* EXERCISE PROMPT *
From the records below, copy each line in which the string "England" occurs.
DATASET Start Marker
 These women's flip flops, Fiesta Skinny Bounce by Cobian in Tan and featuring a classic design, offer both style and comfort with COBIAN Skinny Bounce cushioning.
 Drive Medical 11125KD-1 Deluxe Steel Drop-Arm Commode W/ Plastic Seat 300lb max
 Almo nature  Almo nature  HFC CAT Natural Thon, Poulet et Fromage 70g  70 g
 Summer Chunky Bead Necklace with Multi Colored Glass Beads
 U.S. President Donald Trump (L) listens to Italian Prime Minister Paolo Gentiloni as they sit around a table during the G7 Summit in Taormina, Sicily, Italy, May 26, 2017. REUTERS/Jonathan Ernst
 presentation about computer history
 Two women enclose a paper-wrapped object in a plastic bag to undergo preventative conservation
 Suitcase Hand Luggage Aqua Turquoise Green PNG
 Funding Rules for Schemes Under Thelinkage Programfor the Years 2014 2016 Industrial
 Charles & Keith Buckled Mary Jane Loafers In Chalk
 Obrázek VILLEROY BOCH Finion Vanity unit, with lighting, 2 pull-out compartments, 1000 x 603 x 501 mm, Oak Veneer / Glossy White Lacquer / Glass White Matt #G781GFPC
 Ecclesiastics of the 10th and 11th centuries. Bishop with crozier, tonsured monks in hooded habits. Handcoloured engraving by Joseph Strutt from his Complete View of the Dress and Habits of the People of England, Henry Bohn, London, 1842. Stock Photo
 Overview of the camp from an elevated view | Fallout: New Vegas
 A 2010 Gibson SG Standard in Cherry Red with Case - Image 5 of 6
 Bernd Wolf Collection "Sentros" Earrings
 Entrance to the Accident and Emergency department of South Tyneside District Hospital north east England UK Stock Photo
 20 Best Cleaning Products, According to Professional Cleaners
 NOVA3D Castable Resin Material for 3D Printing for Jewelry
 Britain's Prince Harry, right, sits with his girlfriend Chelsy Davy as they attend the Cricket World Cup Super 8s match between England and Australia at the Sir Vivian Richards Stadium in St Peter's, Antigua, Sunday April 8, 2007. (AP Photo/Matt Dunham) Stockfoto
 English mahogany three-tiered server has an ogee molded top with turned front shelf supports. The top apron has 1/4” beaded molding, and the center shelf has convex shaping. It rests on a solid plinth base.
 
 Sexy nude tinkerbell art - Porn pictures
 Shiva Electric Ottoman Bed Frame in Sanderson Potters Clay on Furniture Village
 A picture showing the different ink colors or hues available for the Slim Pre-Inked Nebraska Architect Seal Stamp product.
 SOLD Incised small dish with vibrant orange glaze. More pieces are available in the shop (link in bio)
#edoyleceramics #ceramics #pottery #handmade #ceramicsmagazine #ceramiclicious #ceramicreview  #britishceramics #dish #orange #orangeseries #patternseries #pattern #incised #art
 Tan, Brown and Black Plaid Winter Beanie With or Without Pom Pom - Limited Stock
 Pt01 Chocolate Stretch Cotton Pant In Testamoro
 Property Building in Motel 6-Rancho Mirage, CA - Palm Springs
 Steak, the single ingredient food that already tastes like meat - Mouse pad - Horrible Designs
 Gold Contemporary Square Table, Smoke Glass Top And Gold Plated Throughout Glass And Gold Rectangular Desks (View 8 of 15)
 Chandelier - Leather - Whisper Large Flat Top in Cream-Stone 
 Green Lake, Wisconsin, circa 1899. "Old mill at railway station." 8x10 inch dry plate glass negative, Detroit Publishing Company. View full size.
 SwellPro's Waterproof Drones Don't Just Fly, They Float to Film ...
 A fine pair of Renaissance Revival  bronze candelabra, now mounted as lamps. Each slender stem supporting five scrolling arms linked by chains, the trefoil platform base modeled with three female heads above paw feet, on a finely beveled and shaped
DATASET End Marker
* OUTPUT FOR THIS EXERCISE *
 Ecclesiastics of the 10th and 11th centuries. Bishop with crozier, tonsured monks in hooded habits. Handcoloured engraving by Joseph Strutt from his Complete View of the Dress and Habits of the People of England, Henry Bohn, London, 1842. Stock Photo
 Entrance to the Accident and Emergency department of South Tyneside District Hospital north east England UK Stock Photo
 Britain's Prince Harry, right, sits with his girlfriend Chelsy Davy as they attend the Cricket World Cup Super 8s match between England and Australia at the Sir Vivian Richards Stadium in St Peter's, Antigua, Sunday April 8, 2007. (AP Photo/Matt Dunham) Stockfoto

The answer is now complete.